** Opening Material for this exercise block **

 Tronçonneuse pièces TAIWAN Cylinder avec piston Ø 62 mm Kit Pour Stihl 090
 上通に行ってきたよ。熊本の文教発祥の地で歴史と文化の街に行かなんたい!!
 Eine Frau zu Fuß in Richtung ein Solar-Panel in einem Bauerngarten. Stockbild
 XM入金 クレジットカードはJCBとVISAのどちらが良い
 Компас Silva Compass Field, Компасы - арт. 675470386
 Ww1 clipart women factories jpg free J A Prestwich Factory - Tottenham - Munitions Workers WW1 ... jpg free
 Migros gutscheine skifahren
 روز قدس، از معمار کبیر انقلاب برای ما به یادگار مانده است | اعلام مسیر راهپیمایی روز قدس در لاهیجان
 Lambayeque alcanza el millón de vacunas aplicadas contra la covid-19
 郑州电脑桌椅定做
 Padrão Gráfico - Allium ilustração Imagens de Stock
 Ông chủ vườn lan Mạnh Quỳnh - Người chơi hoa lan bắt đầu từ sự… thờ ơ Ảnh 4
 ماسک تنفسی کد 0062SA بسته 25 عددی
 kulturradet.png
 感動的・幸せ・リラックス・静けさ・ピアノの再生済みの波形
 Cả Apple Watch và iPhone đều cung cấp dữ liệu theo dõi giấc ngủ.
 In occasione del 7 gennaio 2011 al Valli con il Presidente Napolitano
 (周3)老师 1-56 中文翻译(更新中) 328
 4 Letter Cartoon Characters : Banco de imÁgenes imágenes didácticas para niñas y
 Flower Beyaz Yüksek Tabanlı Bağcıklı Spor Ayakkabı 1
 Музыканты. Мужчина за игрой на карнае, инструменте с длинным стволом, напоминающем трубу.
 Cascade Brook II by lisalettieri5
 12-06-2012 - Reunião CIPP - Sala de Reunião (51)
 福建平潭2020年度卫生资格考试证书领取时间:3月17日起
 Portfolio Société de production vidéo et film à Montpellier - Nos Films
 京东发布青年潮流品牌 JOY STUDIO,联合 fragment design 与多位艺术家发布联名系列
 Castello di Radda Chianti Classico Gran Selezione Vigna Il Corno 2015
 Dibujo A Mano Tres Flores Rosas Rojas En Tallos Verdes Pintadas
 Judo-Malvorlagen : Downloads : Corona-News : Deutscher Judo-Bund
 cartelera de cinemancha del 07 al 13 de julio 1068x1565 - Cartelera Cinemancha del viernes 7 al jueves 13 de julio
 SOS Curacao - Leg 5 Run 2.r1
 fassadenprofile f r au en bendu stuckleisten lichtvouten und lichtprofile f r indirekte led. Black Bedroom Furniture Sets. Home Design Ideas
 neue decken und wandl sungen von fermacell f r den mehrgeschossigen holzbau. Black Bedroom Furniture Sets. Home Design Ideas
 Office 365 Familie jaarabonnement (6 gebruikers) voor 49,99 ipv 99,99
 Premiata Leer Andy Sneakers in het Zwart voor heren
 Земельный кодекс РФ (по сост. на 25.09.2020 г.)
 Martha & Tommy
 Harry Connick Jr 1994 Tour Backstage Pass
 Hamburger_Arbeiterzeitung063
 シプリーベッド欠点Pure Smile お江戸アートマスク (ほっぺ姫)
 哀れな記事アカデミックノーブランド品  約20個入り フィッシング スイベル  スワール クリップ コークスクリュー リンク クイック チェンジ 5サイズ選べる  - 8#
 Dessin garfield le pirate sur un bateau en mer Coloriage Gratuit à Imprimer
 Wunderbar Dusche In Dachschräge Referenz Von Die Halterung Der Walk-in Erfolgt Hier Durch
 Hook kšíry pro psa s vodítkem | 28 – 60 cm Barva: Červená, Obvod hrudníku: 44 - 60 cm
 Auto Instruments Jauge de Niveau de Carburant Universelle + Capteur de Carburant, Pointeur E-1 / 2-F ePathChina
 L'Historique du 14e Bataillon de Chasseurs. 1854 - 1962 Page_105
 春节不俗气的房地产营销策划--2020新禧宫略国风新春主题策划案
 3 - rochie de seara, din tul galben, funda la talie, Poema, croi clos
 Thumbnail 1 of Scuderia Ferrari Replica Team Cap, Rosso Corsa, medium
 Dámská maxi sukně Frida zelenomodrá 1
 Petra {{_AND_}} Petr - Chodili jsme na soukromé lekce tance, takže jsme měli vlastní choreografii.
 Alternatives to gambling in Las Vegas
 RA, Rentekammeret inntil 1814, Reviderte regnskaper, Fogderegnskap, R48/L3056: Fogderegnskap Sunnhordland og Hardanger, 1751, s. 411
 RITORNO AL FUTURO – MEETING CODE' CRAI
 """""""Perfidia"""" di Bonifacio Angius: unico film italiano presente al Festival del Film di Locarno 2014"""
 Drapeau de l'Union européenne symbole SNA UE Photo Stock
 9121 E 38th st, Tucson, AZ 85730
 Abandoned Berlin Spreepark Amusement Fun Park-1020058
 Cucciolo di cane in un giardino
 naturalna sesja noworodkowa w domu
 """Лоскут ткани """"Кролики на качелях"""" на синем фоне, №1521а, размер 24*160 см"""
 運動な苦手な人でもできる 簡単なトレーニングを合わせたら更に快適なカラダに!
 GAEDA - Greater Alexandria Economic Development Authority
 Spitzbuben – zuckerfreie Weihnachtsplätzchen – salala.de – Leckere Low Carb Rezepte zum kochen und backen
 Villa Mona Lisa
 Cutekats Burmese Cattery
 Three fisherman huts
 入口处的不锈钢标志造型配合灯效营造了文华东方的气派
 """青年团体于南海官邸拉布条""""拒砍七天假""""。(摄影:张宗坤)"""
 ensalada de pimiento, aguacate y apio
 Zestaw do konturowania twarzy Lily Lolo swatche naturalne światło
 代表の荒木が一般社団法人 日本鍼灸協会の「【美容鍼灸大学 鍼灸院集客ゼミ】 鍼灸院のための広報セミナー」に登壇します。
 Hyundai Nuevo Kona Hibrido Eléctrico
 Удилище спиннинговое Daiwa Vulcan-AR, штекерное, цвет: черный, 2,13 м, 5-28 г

** Closing Material for this exercise block **

:: Assignment ::
All of the records must be retyped exactly as they are.

:: Result of this exercise ::
 Tronçonneuse pièces TAIWAN Cylinder avec piston Ø 62 mm Kit Pour Stihl 090
 上通に行ってきたよ。熊本の文教発祥の地で歴史と文化の街に行かなんたい!!
 Eine Frau zu Fuß in Richtung ein Solar-Panel in einem Bauerngarten. Stockbild
 XM入金 クレジットカードはJCBとVISAのどちらが良い
 Компас Silva Compass Field, Компасы - арт. 675470386
 Ww1 clipart women factories jpg free J A Prestwich Factory - Tottenham - Munitions Workers WW1 ... jpg free
 Migros gutscheine skifahren
 روز قدس، از معمار کبیر انقلاب برای ما به یادگار مانده است | اعلام مسیر راهپیمایی روز قدس در لاهیجان
 Lambayeque alcanza el millón de vacunas aplicadas contra la covid-19
 郑州电脑桌椅定做
 Padrão Gráfico - Allium ilustração Imagens de Stock
 Ông chủ vườn lan Mạnh Quỳnh - Người chơi hoa lan bắt đầu từ sự… thờ ơ Ảnh 4
 ماسک تنفسی کد 0062SA بسته 25 عددی
 kulturradet.png
 感動的・幸せ・リラックス・静けさ・ピアノの再生済みの波形
 Cả Apple Watch và iPhone đều cung cấp dữ liệu theo dõi giấc ngủ.
 In occasione del 7 gennaio 2011 al Valli con il Presidente Napolitano
 (周3)老师 1-56 中文翻译(更新中) 328
 4 Letter Cartoon Characters : Banco de imÁgenes imágenes didácticas para niñas y
 Flower Beyaz Yüksek Tabanlı Bağcıklı Spor Ayakkabı 1
 Музыканты. Мужчина за игрой на карнае, инструменте с длинным стволом, напоминающем трубу.
 Cascade Brook II by lisalettieri5
 12-06-2012 - Reunião CIPP - Sala de Reunião (51)
 福建平潭2020年度卫生资格考试证书领取时间:3月17日起
 Portfolio Société de production vidéo et film à Montpellier - Nos Films
 京东发布青年潮流品牌 JOY STUDIO,联合 fragment design 与多位艺术家发布联名系列
 Castello di Radda Chianti Classico Gran Selezione Vigna Il Corno 2015
 Dibujo A Mano Tres Flores Rosas Rojas En Tallos Verdes Pintadas
 Judo-Malvorlagen : Downloads : Corona-News : Deutscher Judo-Bund
 cartelera de cinemancha del 07 al 13 de julio 1068x1565 - Cartelera Cinemancha del viernes 7 al jueves 13 de julio
 SOS Curacao - Leg 5 Run 2.r1
 fassadenprofile f r au en bendu stuckleisten lichtvouten und lichtprofile f r indirekte led. Black Bedroom Furniture Sets. Home Design Ideas
 neue decken und wandl sungen von fermacell f r den mehrgeschossigen holzbau. Black Bedroom Furniture Sets. Home Design Ideas
 Office 365 Familie jaarabonnement (6 gebruikers) voor 49,99 ipv 99,99
 Premiata Leer Andy Sneakers in het Zwart voor heren
 Земельный кодекс РФ (по сост. на 25.09.2020 г.)
 Martha & Tommy
 Harry Connick Jr 1994 Tour Backstage Pass
 Hamburger_Arbeiterzeitung063
 シプリーベッド欠点Pure Smile お江戸アートマスク (ほっぺ姫)
 哀れな記事アカデミックノーブランド品  約20個入り フィッシング スイベル  スワール クリップ コークスクリュー リンク クイック チェンジ 5サイズ選べる  - 8#
 Dessin garfield le pirate sur un bateau en mer Coloriage Gratuit à Imprimer
 Wunderbar Dusche In Dachschräge Referenz Von Die Halterung Der Walk-in Erfolgt Hier Durch
 Hook kšíry pro psa s vodítkem | 28 – 60 cm Barva: Červená, Obvod hrudníku: 44 - 60 cm
 Auto Instruments Jauge de Niveau de Carburant Universelle + Capteur de Carburant, Pointeur E-1 / 2-F ePathChina
 L'Historique du 14e Bataillon de Chasseurs. 1854 - 1962 Page_105
 春节不俗气的房地产营销策划--2020新禧宫略国风新春主题策划案
 3 - rochie de seara, din tul galben, funda la talie, Poema, croi clos
 Thumbnail 1 of Scuderia Ferrari Replica Team Cap, Rosso Corsa, medium
 Dámská maxi sukně Frida zelenomodrá 1
 Petra {{_AND_}} Petr - Chodili jsme na soukromé lekce tance, takže jsme měli vlastní choreografii.
 Alternatives to gambling in Las Vegas
 RA, Rentekammeret inntil 1814, Reviderte regnskaper, Fogderegnskap, R48/L3056: Fogderegnskap Sunnhordland og Hardanger, 1751, s. 411
 RITORNO AL FUTURO – MEETING CODE' CRAI
 """""""Perfidia"""" di Bonifacio Angius: unico film italiano presente al Festival del Film di Locarno 2014"""
 Drapeau de l'Union européenne symbole SNA UE Photo Stock
 9121 E 38th st, Tucson, AZ 85730
 Abandoned Berlin Spreepark Amusement Fun Park-1020058
 Cucciolo di cane in un giardino
 naturalna sesja noworodkowa w domu
 """Лоскут ткани """"Кролики на качелях"""" на синем фоне, №1521а, размер 24*160 см"""
 運動な苦手な人でもできる 簡単なトレーニングを合わせたら更に快適なカラダに!
 GAEDA - Greater Alexandria Economic Development Authority
 Spitzbuben – zuckerfreie Weihnachtsplätzchen – salala.de – Leckere Low Carb Rezepte zum kochen und backen
 Villa Mona Lisa
 Cutekats Burmese Cattery
 Three fisherman huts
 入口处的不锈钢标志造型配合灯效营造了文华东方的气派
 """青年团体于南海官邸拉布条""""拒砍七天假""""。(摄影:张宗坤)"""
 ensalada de pimiento, aguacate y apio
 Zestaw do konturowania twarzy Lily Lolo swatche naturalne światło
 代表の荒木が一般社団法人 日本鍼灸協会の「【美容鍼灸大学 鍼灸院集客ゼミ】 鍼灸院のための広報セミナー」に登壇します。
 Hyundai Nuevo Kona Hibrido Eléctrico
 Удилище спиннинговое Daiwa Vulcan-AR, штекерное, цвет: черный, 2,13 м, 5-28 г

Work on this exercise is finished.